= TASK =
Would you repeat the listing exactly but omit every picture?

══ INFORMATION PROVIDED

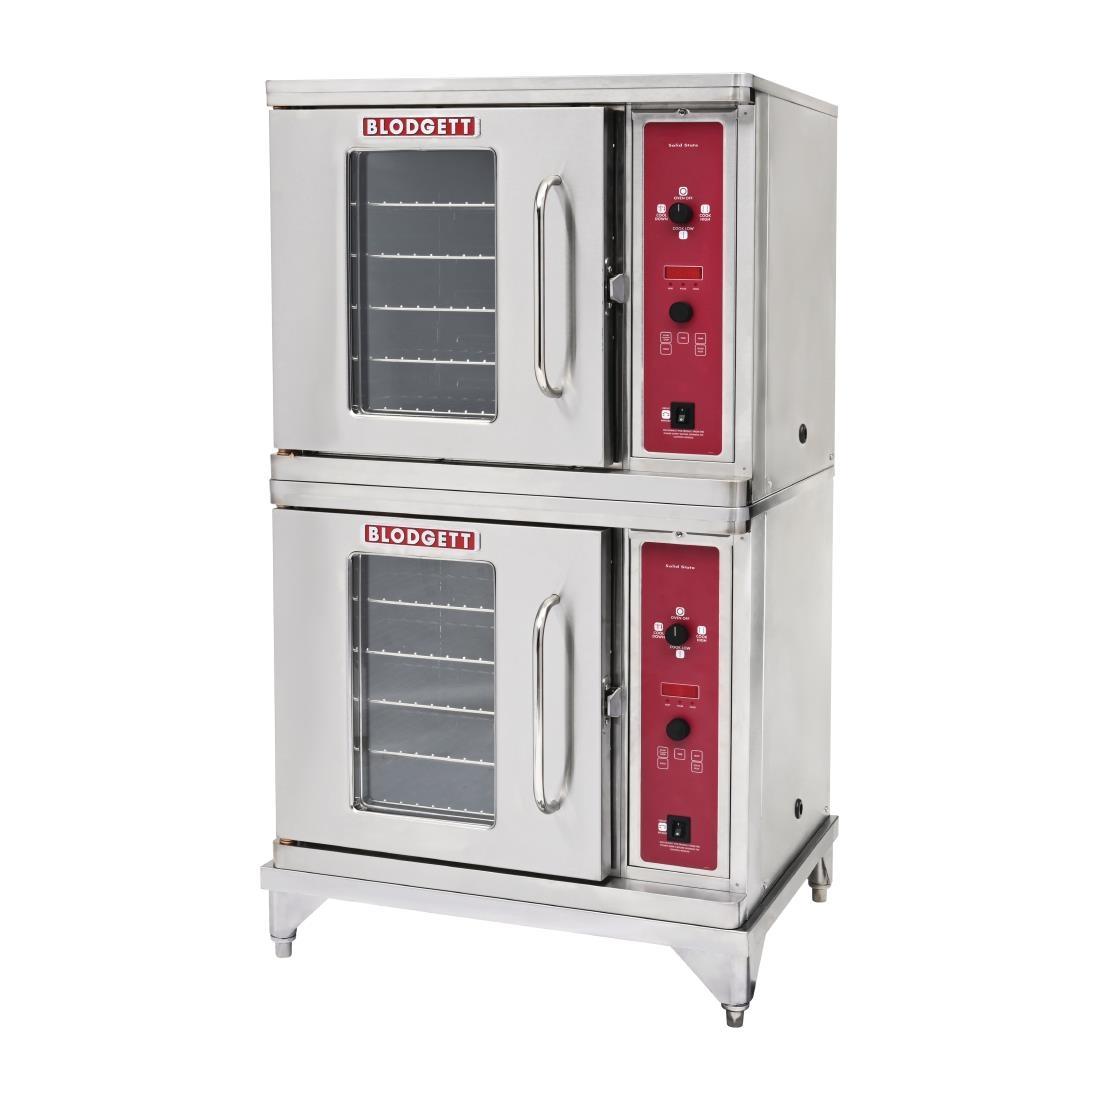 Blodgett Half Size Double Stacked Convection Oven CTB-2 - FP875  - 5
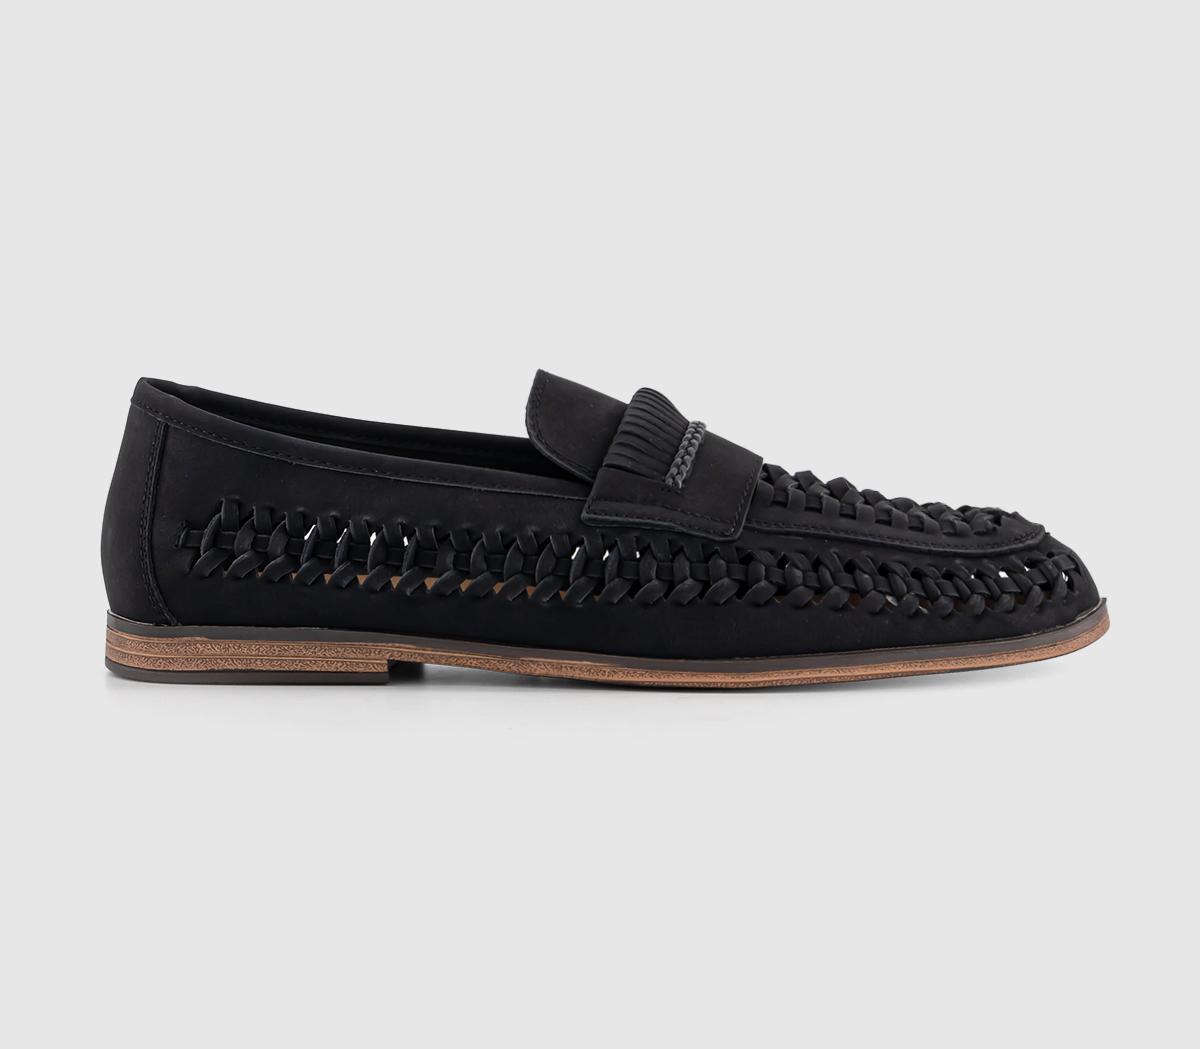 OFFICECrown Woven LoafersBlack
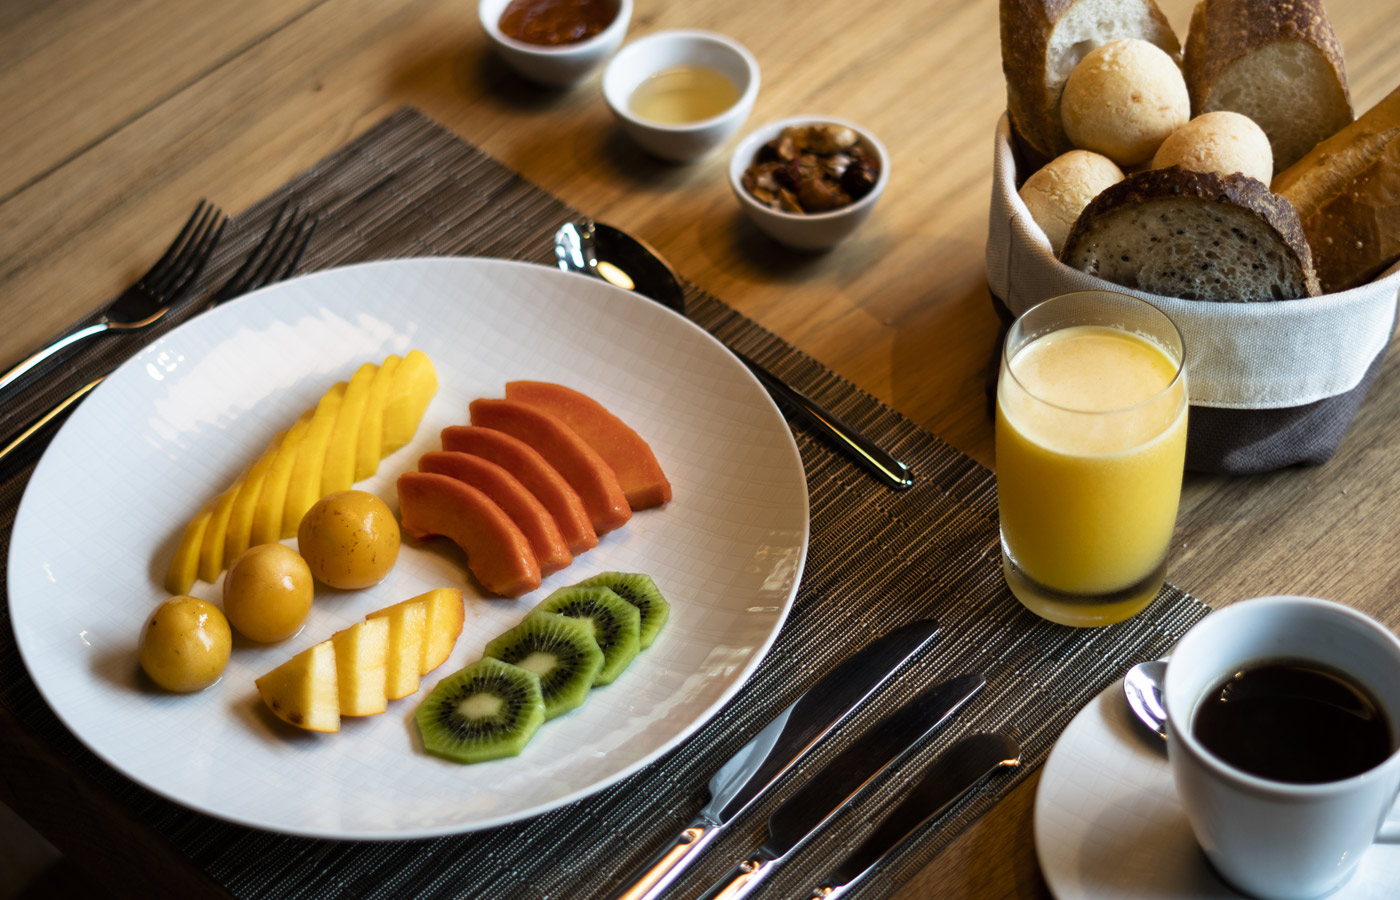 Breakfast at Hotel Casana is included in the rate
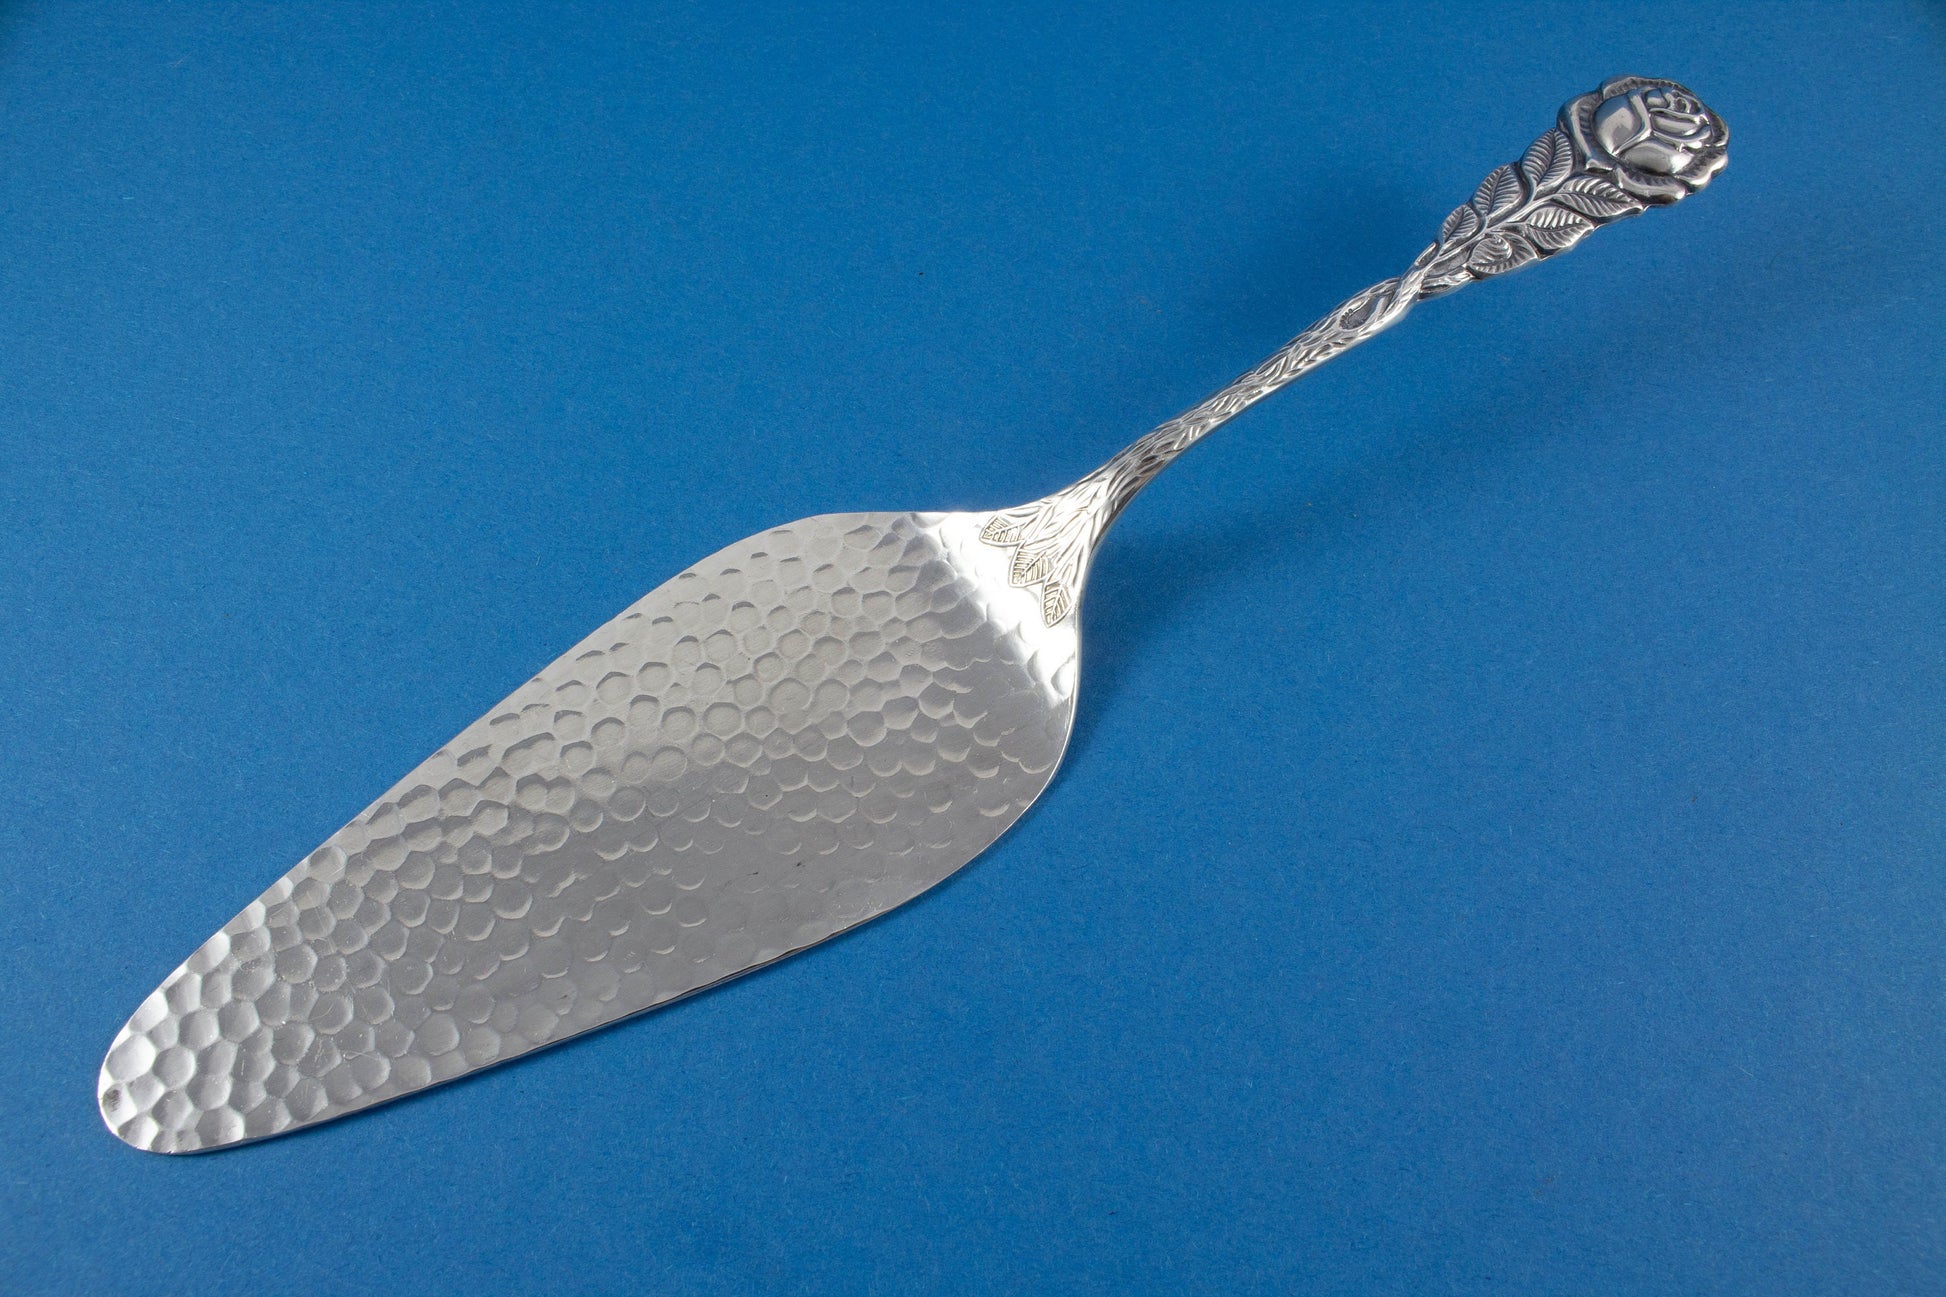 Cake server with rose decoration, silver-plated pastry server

════

= TASK RESULT =
 Blodgett Half Size Double Stacked Convection Oven CTB-2 - FP875  - 5
 OFFICECrown Woven LoafersBlack
 Breakfast at Hotel Casana is included in the rate
 Cake server with rose decoration, silver-plated pastry server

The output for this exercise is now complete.